Contudo, a tentativa de elevar a transgressão a beleza, explorando a união entre sodomia e erotismo ou obsessão pelo poder, como faces ocultas que aqui são permitidas revelar, infere ao espectáculo um tom provocador com muito simbolismo mas pouca espessura.

Uma mulher, anonimizada por uma máscara preta, de calças justas, seios à vista sob uma camisola rendilhada, que puxa um homem nu pelo sexo, ao longo do palco, merecia – se é mesmo para falarmos disto – algo mais do que uma citação inconsequente e uma consequência mais interessante do que um dueto de andares e esbracejares elegantes.

O plano coreográfico é ténue. Perceptível em apontamentos literalmente expressos em frases curtas ou pontuações (como a já indicada), implícito na progressão dos imbricados duetos que acontecem à vez, entre os três pares possíveis, e também expresso em linhas descritas intencionalmente pelos corpos. Mas, na essência, Pântano é um trabalho de vivência experiencial, ora mais meditativa ora mais visceral, que se revela no comportamento físico e através do movimento. As formas de conjunto são sobretudo acidentais; os intérpretes estão muitas vezes de olhos fechados e por isso privados da percepção do todo.

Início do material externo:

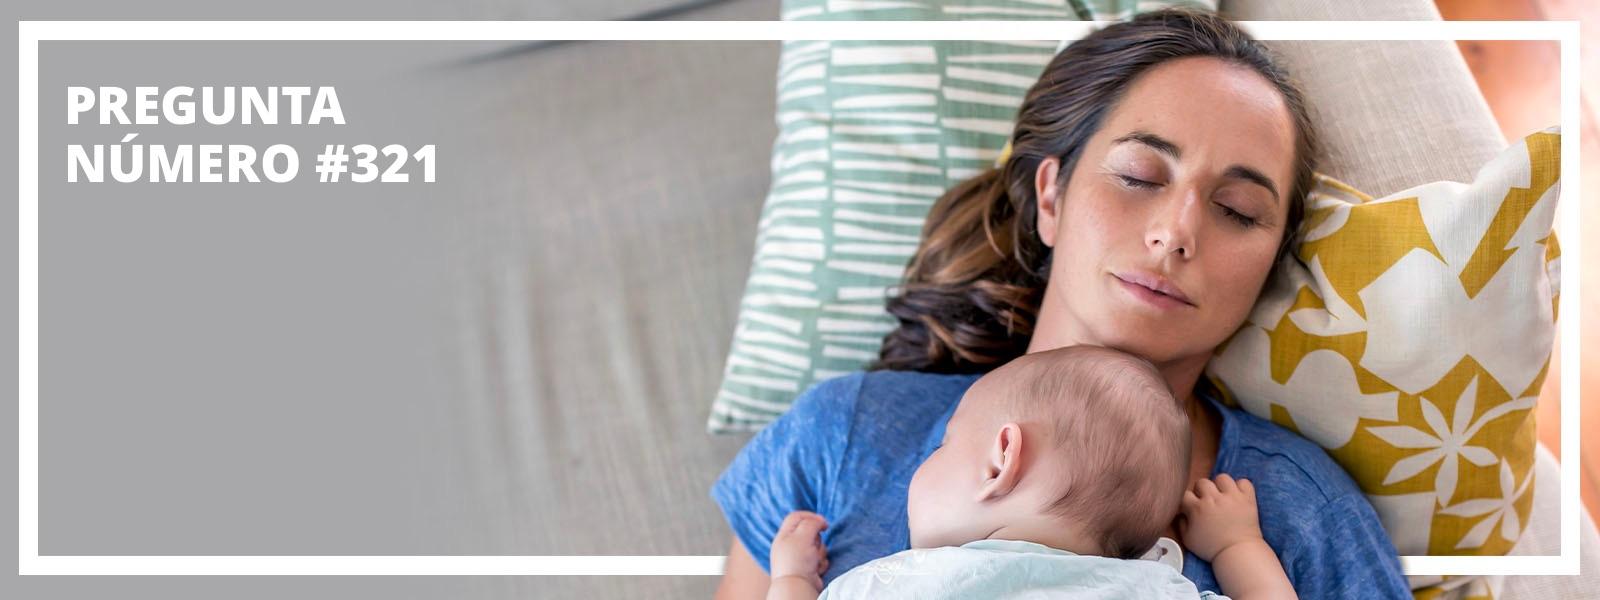 Madre durmiendo con el bebé en el pecho
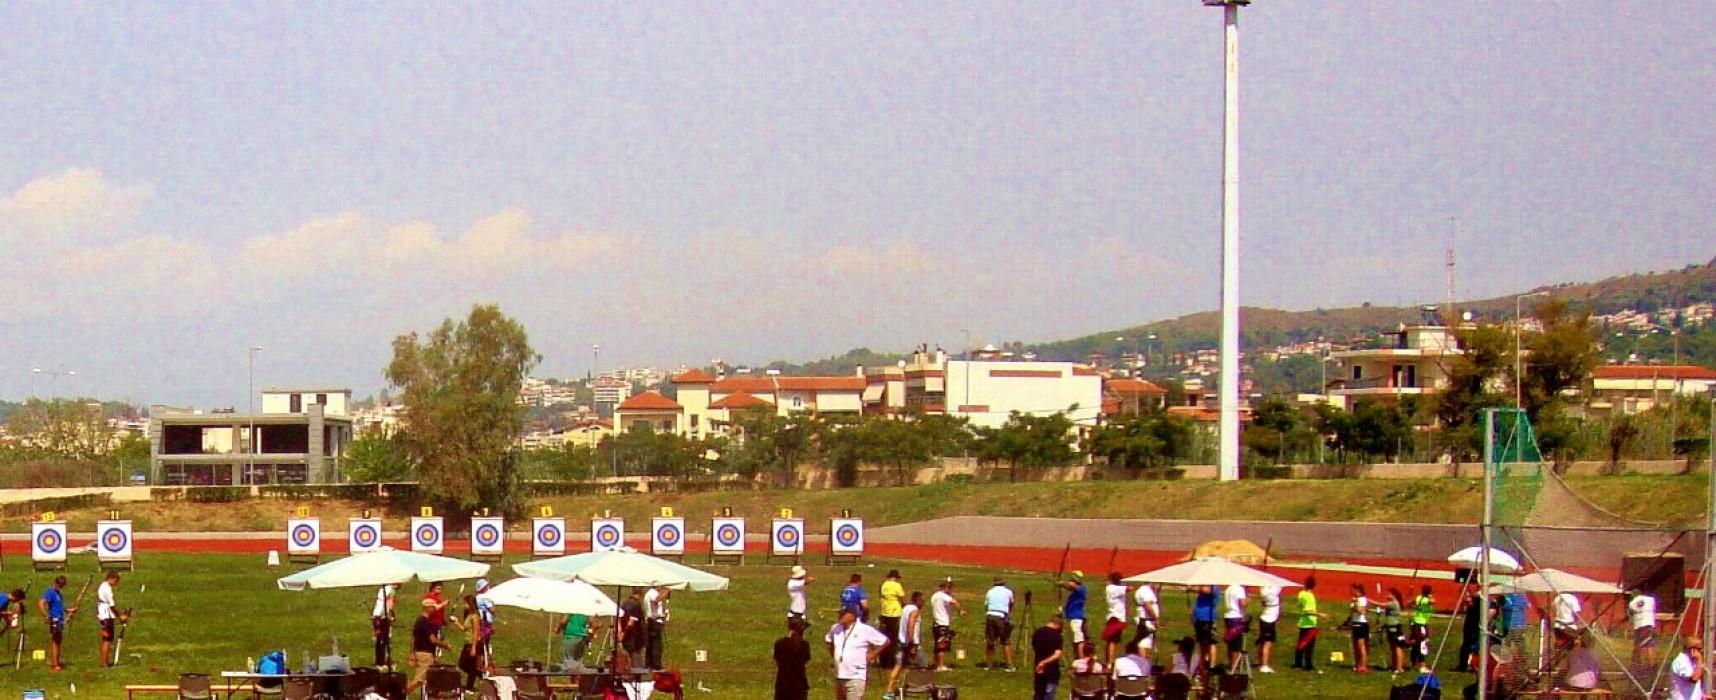 Αποτελέσματα αγώνα Α.Χ., ΠΑΤΡΑ, Κυριακή 24 Σεπτεμβρίου 2017

Catarina Félix incorpora a criatura que mais se revela como bailarina, angulosa e detalhada. Romeu Runa mantém o perfil de excepção e a androginia vai-lhe muito bem, embora aqui ele cristalize no ser mais sexual e voraz do grupo. Já Camacho regressa ao palco com uma qualidade performativa amadurecida, mas sempre bem medida e tocante pela autenticidade. A banda sonora é um elemento muito sólido e a presença de Carlos Zíngaro um valor principal.

Pântano também é um lugar de irregularidades. Por exemplo a farinha, lançada ao ar sob uma luz amarela intensa, tem um primeiro efeito que, embora espectacular, não é novidade; porém, ao cobrir os corpos e os cabelos de branco, adquire um poder figurativo sobre o envelhecimento que reforça, com eficácia, a longevidade patente no sentido de um caminho existencial que cruza a peça.

Já a figura da mulher nua arrastada pelo chão, puxada por uma perna pelo homem das cavernas (uma interpretação possível), tem uma conotação excessiva para o fim a que se destina: desenhar um círculo no chão. O círculo pode ser importante neste contexto para o imaginário pretendido de um espaço ritual. Mas a forma de o fazer é um sacrifício, do próprio encenador, de princípios elementares de representação da mulher na sociedade europeia actual. Para além da estética do romantismo noir (que Moreira assume) – e que a luz, embora muito boa, ajuda a sublinhar –, falta dar sentido a esta caminhada para que se perceba a pertinência das profundidades que se evocam.